As everyone knows the MAX are the awards given to the best of the Performing Arts since 1988 in our country. Authors, choreographers, costume designers, lighting designers, composers, directors … people who work hard, with enthusiasm for the show to reach the best possible to the respected public. This award is a recognition of that so often reviled profession that is the theater. The representation of the world on a stage. Theatrum Mundi. The Max Award, first cousin of the British Laurence Olivier, the Swedish O’Neill or the Gallic Molière, is the luminous object of desire for many professionals and non-professionals who aspire to be one.

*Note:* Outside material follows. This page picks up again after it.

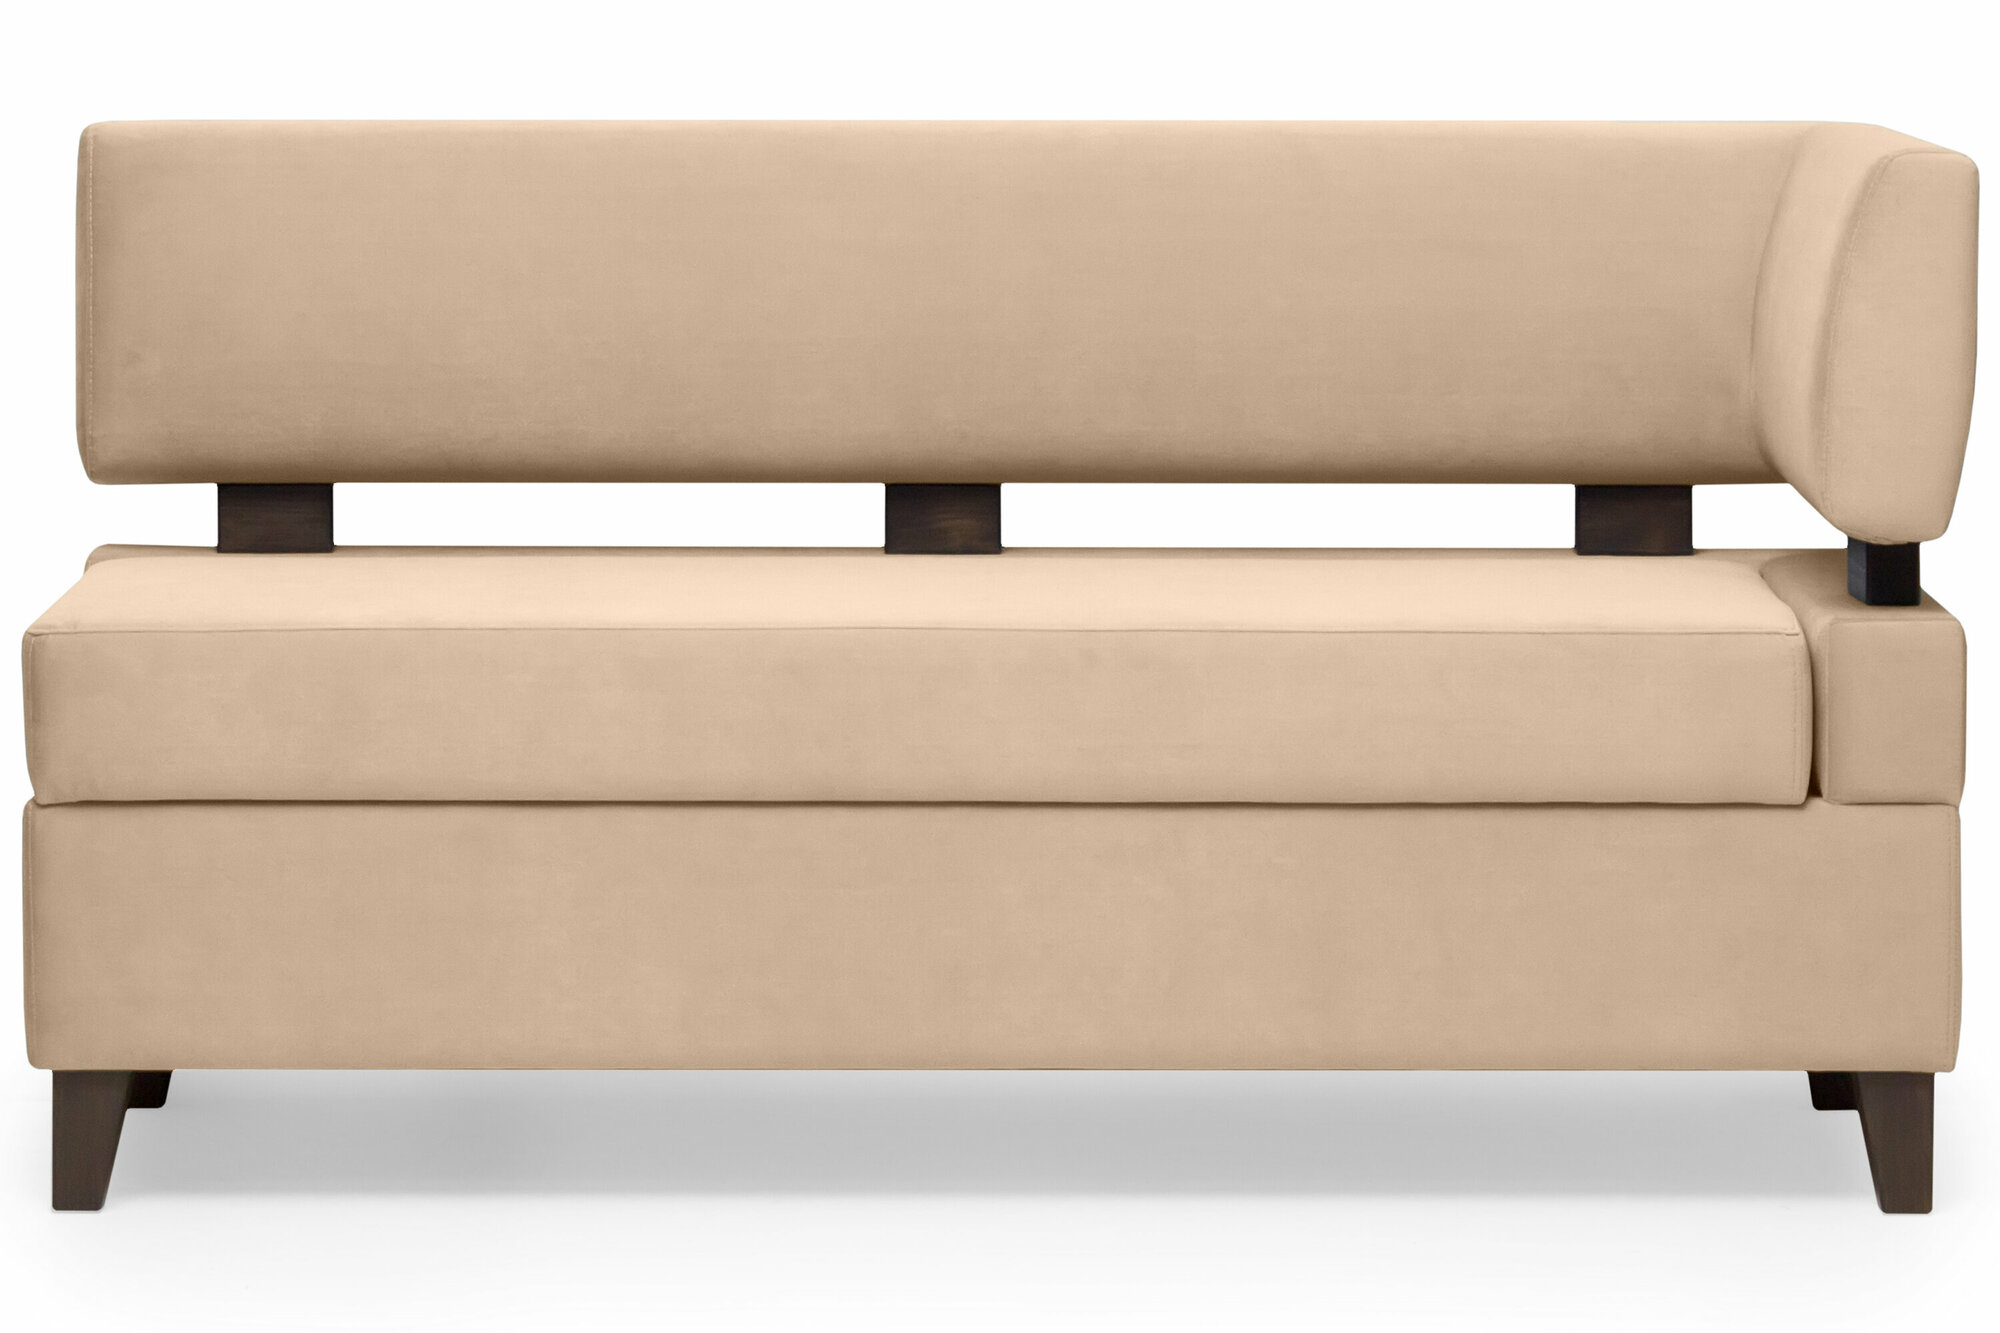 Прямой диван для кухни Свен 115 см с боковой спинкой и ящиком - бежевый, правый

I recognize that this object can become a real fetish for my unstoppable fantasizing, not with the value of vain flattery to the ego, but symbol of the materialization of a job well done, of knowing that you have been able to reach the first division, where you can afford to give your time to the art of the scene.
In these disquisitions I was a servant one morning like so many of teaching work when that little brass calf, not gold, perched ephemeral in my hands; that manzanilla sinful and frivolous fruit, in the words of its author, Joan Brossa, to look at me mockingly and solemnly at the same time. Real and buffoonish, it looked at me with a golden mask to teach me in an instant that the great things are hidden in the small ones. With the apparent randomness of great events, the false chance, because there is no such thing as chance, wanted that, without expecting it, someone would lend me for a few seconds such an admired award.
And the person who was the agent of the magical moment was my generous colleague, teacher and professor, actress, producer and theater director Hitos Hurtado, who won together with the theater company Teatro del Común in 2004 the Max Award for New Tendencies.
From here, my thanks, my admiration and respect.